These reflections are a result of more than 40 years of ministry as a Roman Catholic priest. Most of these years I spent in the Diocese of Charlotte which covers Western North Carolina. Now I am retired, and live in Medellín, Colombia where I continue to serve as a priest in the Archdiocese of Medellín.

You are no longer strangers and sojourners, but you are fellow citizens with the holy ones and members of the household of God, built upon the foundation of the Apostles and prophets, with Christ Jesus himself as the capstone. Through him the whole structure is held together and grows into a temple sacred in the Lord; in him you also are being built together into a dwelling place of God in the Spirit. (Eph 2:19-22)
https://bible.usccb.org/bible/readings/102823.cfm
No longer strangers and sojourners, but rather fellow citizens, members of the household of God, a temple sacred in the Lord, a dwelling place of God in the Spirit. That is the truth of who we are! As we celebrate the choosing of the Twelve, we also celebrate our own apostolic mission to bring Good News to all the earth.

For I do not do the good I want, but I do the evil I do not want . . . Miserable one that I am! Who will deliver me from this mortal body? Thanks be to God through Jesus Christ our Lord. (Rom 7:18-25a)
https://bible.usccb.org/bible/readings/102723.cfm
We can all sympathize with Saint Paul because we’ve all been there too.
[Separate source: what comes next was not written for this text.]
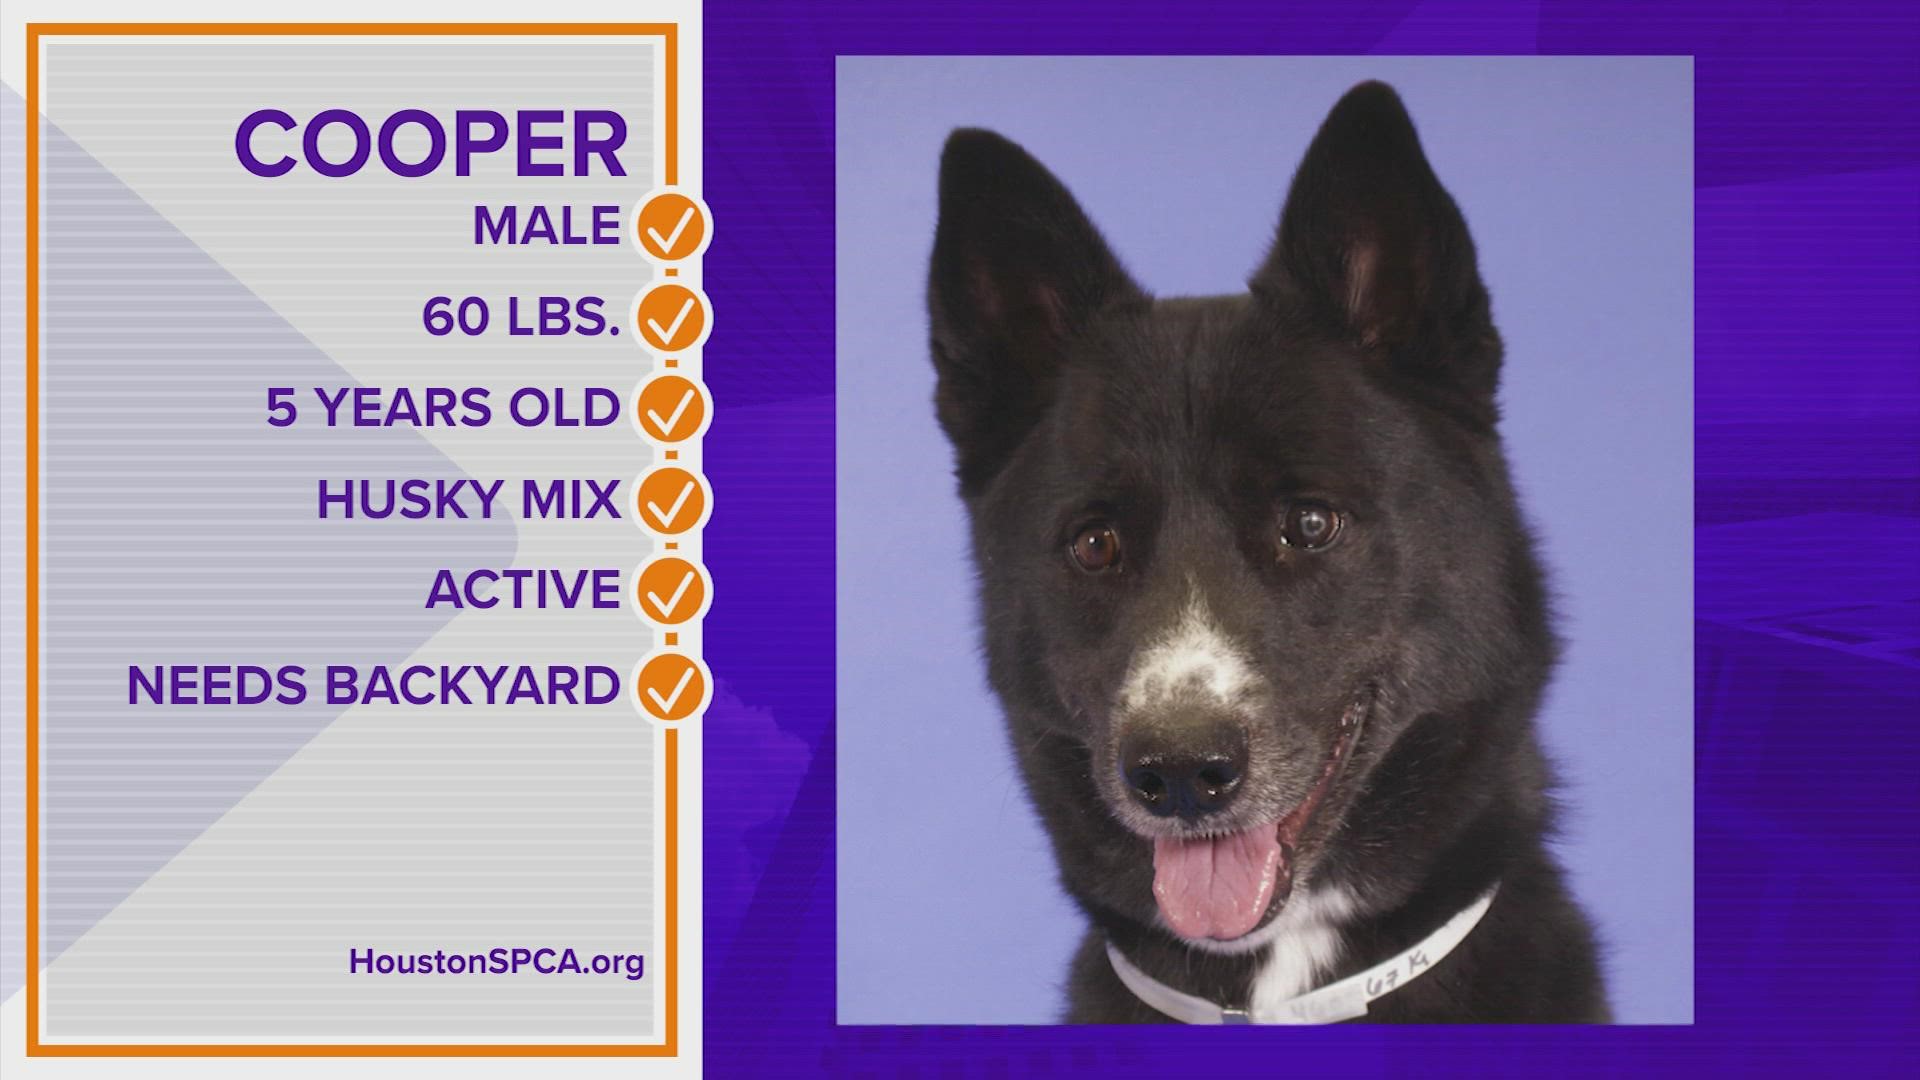 Cooper could be your furry 'accountabili-buddy' for 2022 and many years to come. Learn more about him and other pets at houstonspca.org.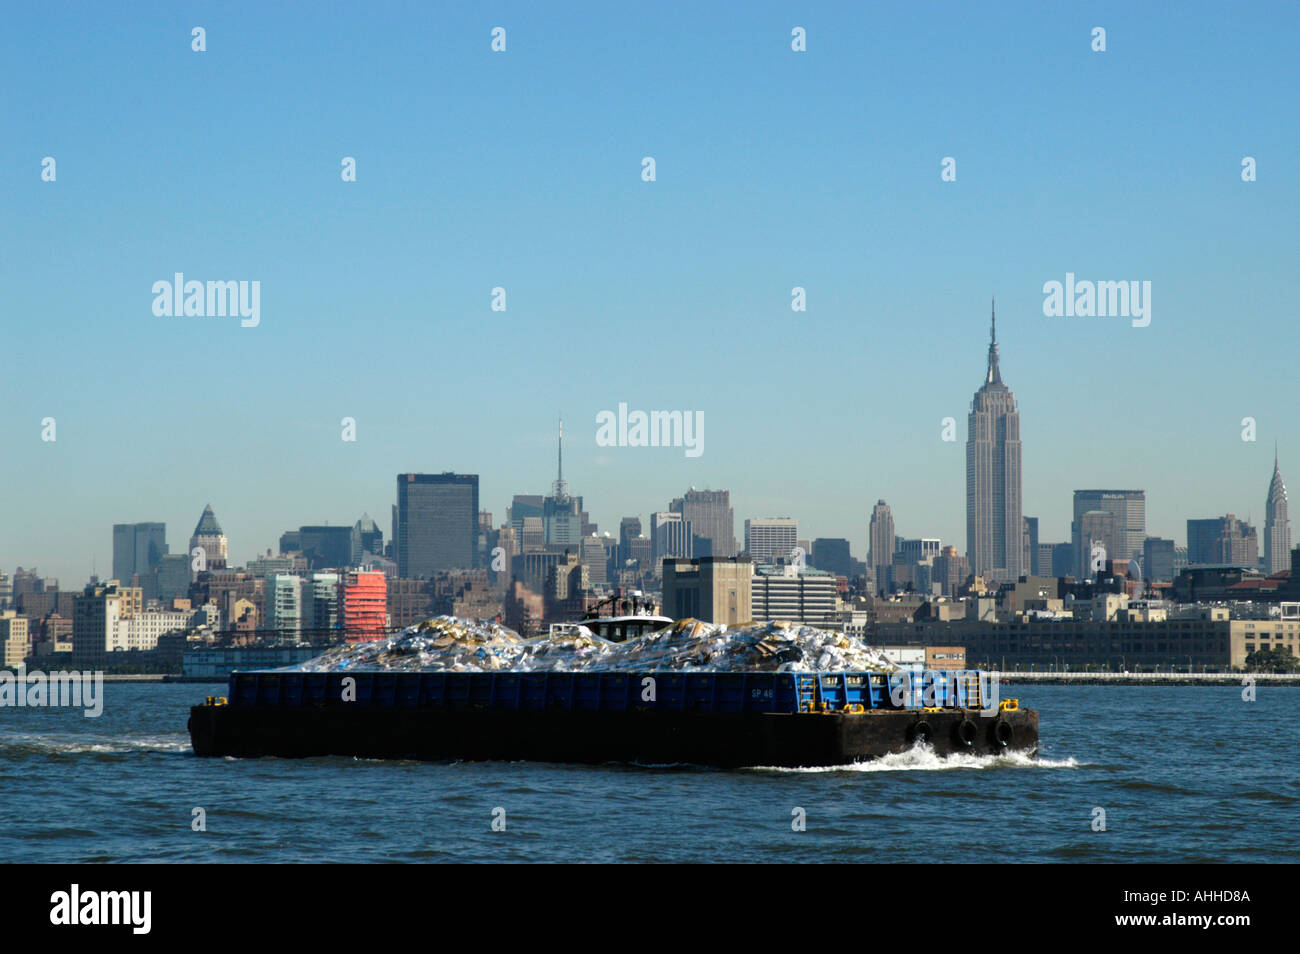 garbage-barge-on-the-hudson-river-new-york-city-usa-AHHD8A.jpg

But sin is not the last word. The last word belongs to the Lord . . . and that word is grace. Pope Francis has designated today as a time of fasting, prayer and penance for peace. As the pope says, “We do not belong to any “Caesar” of this world. We are the Lord’s, and we must not be slaves to any earthly power. War is always a defeat, it is a destruction of human fraternity. Brothers, stop! Stop!”

But now that you have been freed from sin and have become slaves of God, the benefit that you have leads to sanctification, and its end is eternal life. For the wages of sin is death, but the gift of God is eternal life in Christ Jesus our Lord. (Rom 6:19-23)
https://bible.usccb.org/bible/readings/102623.cfm
“For the wages of sin is death” . . . . one of Saint Paul’s most quotable lines—unfortunately used more often as a clobber-passage, to beat people over the head, rather than as the Apostle chose to emphasize: “the gift of God is eternal life in Christ Jesus our Lord.”

Alleluia (Mt 24:42, 44)
R. Alleluia, alleluia.
Stay awake! For you do not know when the Son of Man will come.
R. Alleluia, alleluia.
https://bible.usccb.org/bible/readings/102523.cfm
As we come to the last few weeks of Ordinary Time we begin to hear little reminders about the coming of the Lord in glory. “Stay awake” is not so much a warning, but rather an invitation to not miss the glorious coming by being “asleep.” Perhaps we need to be “faithful and prudent” servants busily preparing for that glorious coming.

Where sin increased, grace overflowed all the more, so that, as sin reigned in death, grace also might reign through justification for eternal life through Jesus Christ our Lord. (Rom 5:12,15b,17-19,20b-21)
https://bible.usccb.org/bible/readings/102423.cfm
According to Saint Paul, the reality of sin in the world means that grace has “overflowed all the more.” There’s more grace in the world than there is sin. Perhaps the problem is the 24/7 news channels. Like they say, “if it bleeds, it leads.” But we should never forget that there’s more goodness in us than there is meanness—thanks to God’s overflowing grace that comes to us through our Lord Jesus Christ.